The proposed location for the CODCD project is critical for client attraction. Sydney harbours a lot of people from diverse cultural backgrounds. Because it is a capital city, the Sydney is a home for several people from different global destinations (Davies 2012). It is noteworthy to indicate that the proposed project is expected to serve the international community. Therefore, its intended operations must consider various multicultural concerns. This consideration shall ensure adequate client satisfaction. Additionally, the client base is expected to expansively grow. One of the critical services to be offered includes academic training. Apart from this, the centre shall offer capacity building and knowledge management to most medical staff. Indicatively, this will occur within the expansive local and global community. The basic implication is that there must be crucial consideration of the quality service standards (Siddique 2007, p. 35). The construction processes must also provide room for the different social groups and categories of clients. Most people suffering from notable lifestyle diseases will also be part of the client population.
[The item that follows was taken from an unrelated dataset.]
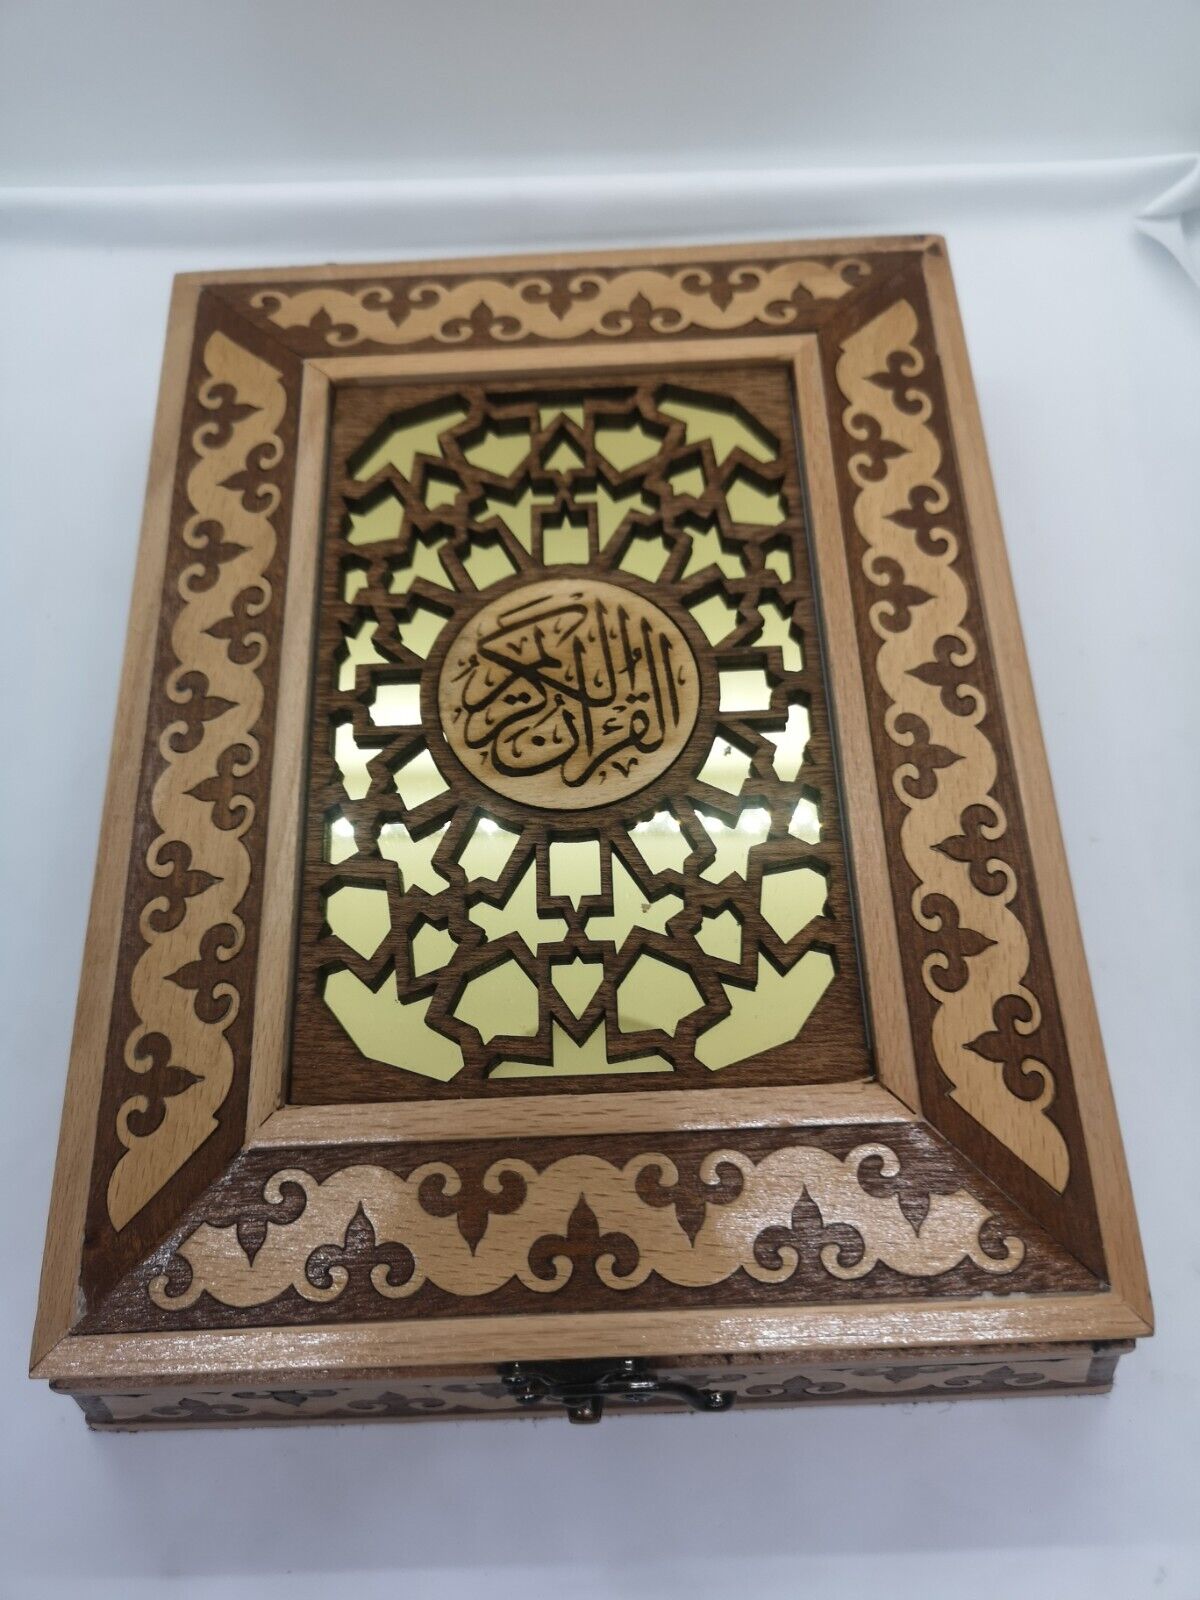 Quran Islamic Religion Islam Etched Box Wood Wooden Handmade Crafted Home Decor

The constructions and operations must present provisions for basic services for the disabled clients.

The Procurement Approach

The intensive construction operations in the proposed project require a strategic methodology for procurement. It is also evident that the operations within the centre shall largely depend on a robust system for procurement. Therefore, all responsible teams must identify and employ transformative approaches to procurement. These considerations enable effective operations and completion of contrition and management tasks. The utilization of advanced technology is appropriate (Isbister & Bryant 2008, p. 20). This should be coupled with a high system for monitoring and evaluation. Particularly, all the procurement processes must be effectively monitored and recorded. This is important in alleviating instances of theft, material and monetary loss. Procurement entails the processes undertaken to obtain and convey raw material and service to the appropriate consumers.
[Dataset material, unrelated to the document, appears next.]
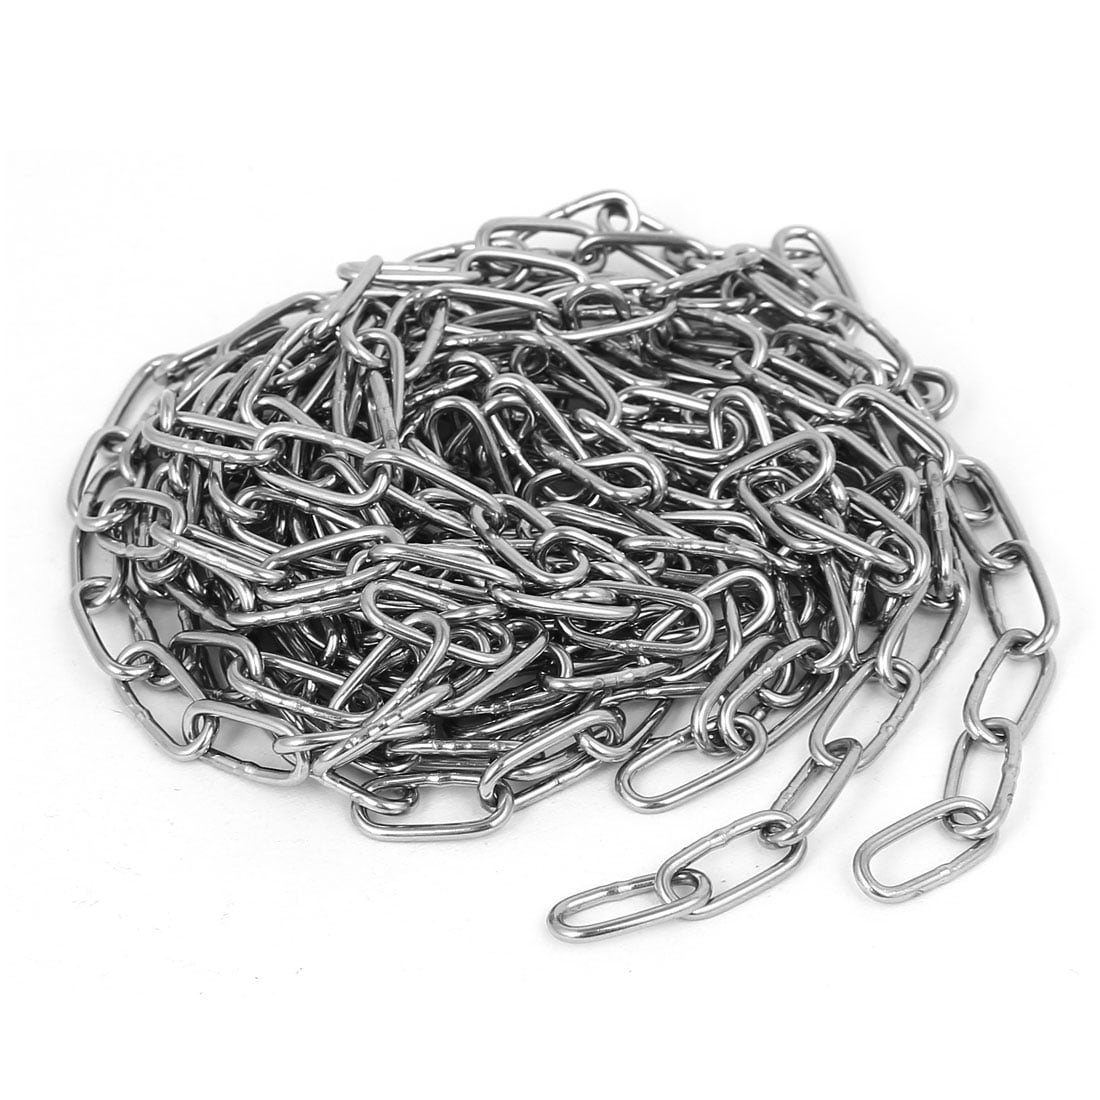 Zinc Plated 304 Stainless Steel Proof Coil Chain 5 Meter 2.5mm Thick

The team involved in the development will ensure the extraction of maximum gain from the process of procurement. Ideally, there should be direct savings on the expenses. This must be attained through reduced prices. Value additions can also be applied to reinforce the existing procurement efficiencies. The application of procurement procedures such as freight efficiencies and visibility is critical in enhancing the successful operations. Relevant technologies must accompany the strategic procurement methodologies. An explicit explanation for all the costs to be incurred in acquiring the building materials is necessary (Siddique 2007, p. 50). Of course this involves all the raw materials, engineering works as well as the necessary fitments. These observations necessitate a comprehensive and strategic approach to procurement process.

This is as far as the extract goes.